A plant louse, a long-lipped beetle, a white fly and a harvester ant all have one thing in common: They are four new insect species and all of them were discovered by Steve Taber, SVSU assistant professor of biology.
Taber admits to being preoccupied with insects, but he does not make apologies for his passion. Instead, he questions why anyone would spend any significant time doing anything but what they love to do. And so Steve studies insects. He catches them, reviews them, catalogues them, compares them, photographs them, and sometimes, makes discoveries. The process that leads to a new species discovery takes about a year, from beginning until a journalistic publication. And as Steve is quick to point out, nothing is known in science until it is published.
During the summer months, you can daily find Steve roaming the campus, catching net in tow, or driving each weekend to Ludington to engage in a habitat study of wetlands, marshes and swamps. His book, Fire Ants, brought him close to a momentary commercial fame when he was contacted about its use in the season’s finale of the popular crime show, “CSI.”

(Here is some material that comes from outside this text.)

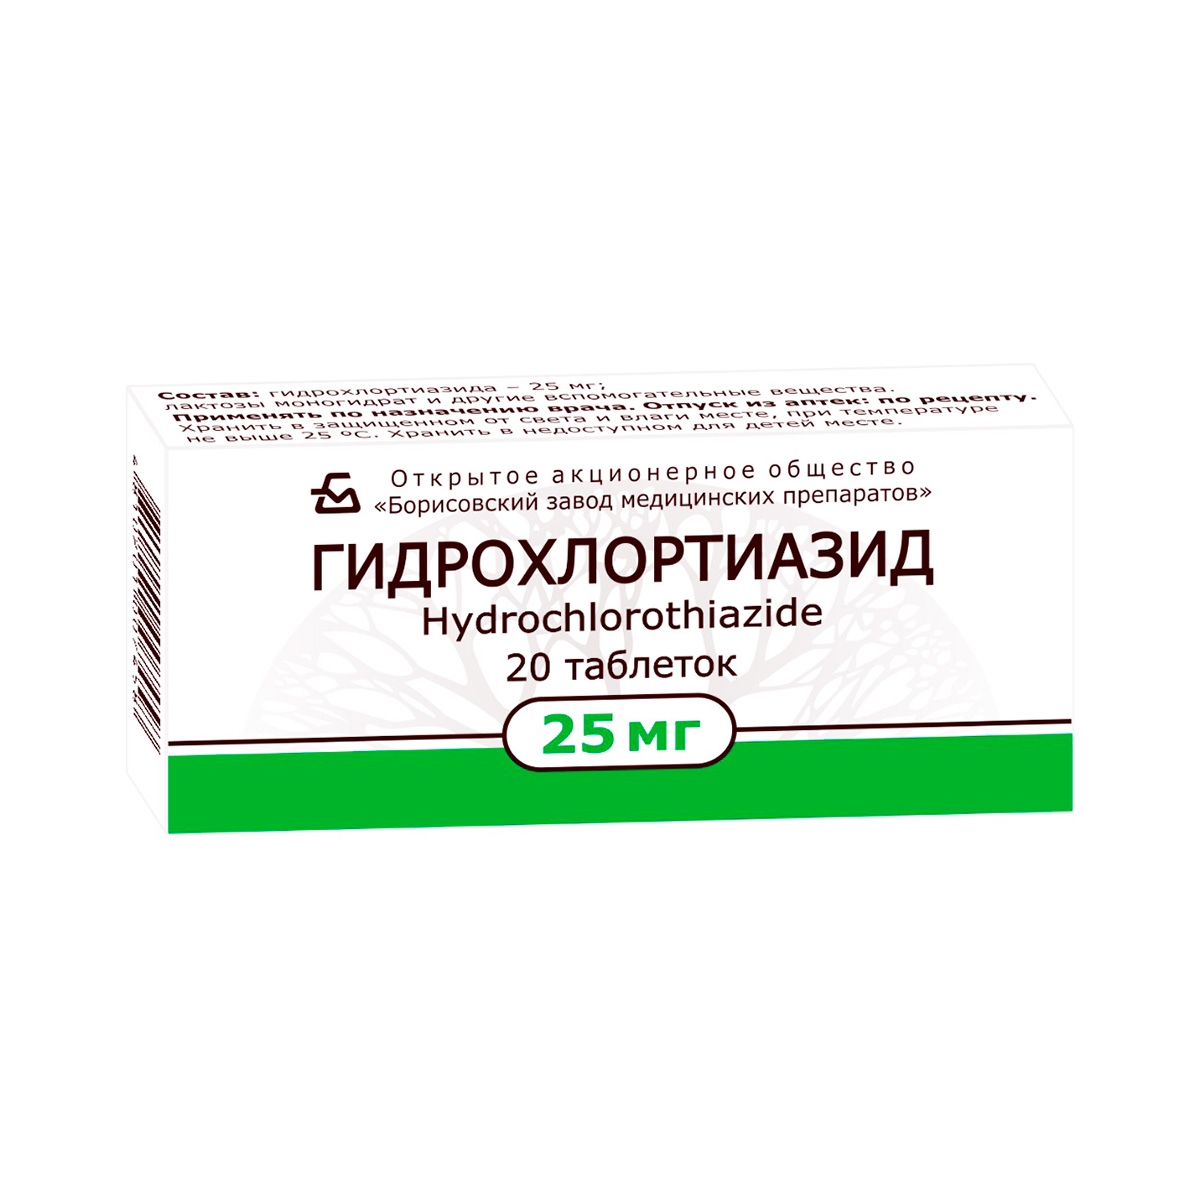 Гидрохлортиазид 25 мг таблетки 20 шт

It is the active combination of research and teaching that has made Steve’s SVSU experience such a positive one. The fact that he does both on a campus that is as conscientious about its appearance (classrooms and labs) as it is its credentials turns out, for Steve, to be the proverbial “icing on the cake.” Usually relegated to dark basement offices, this biology professor loves what he is doing and where he is doing it.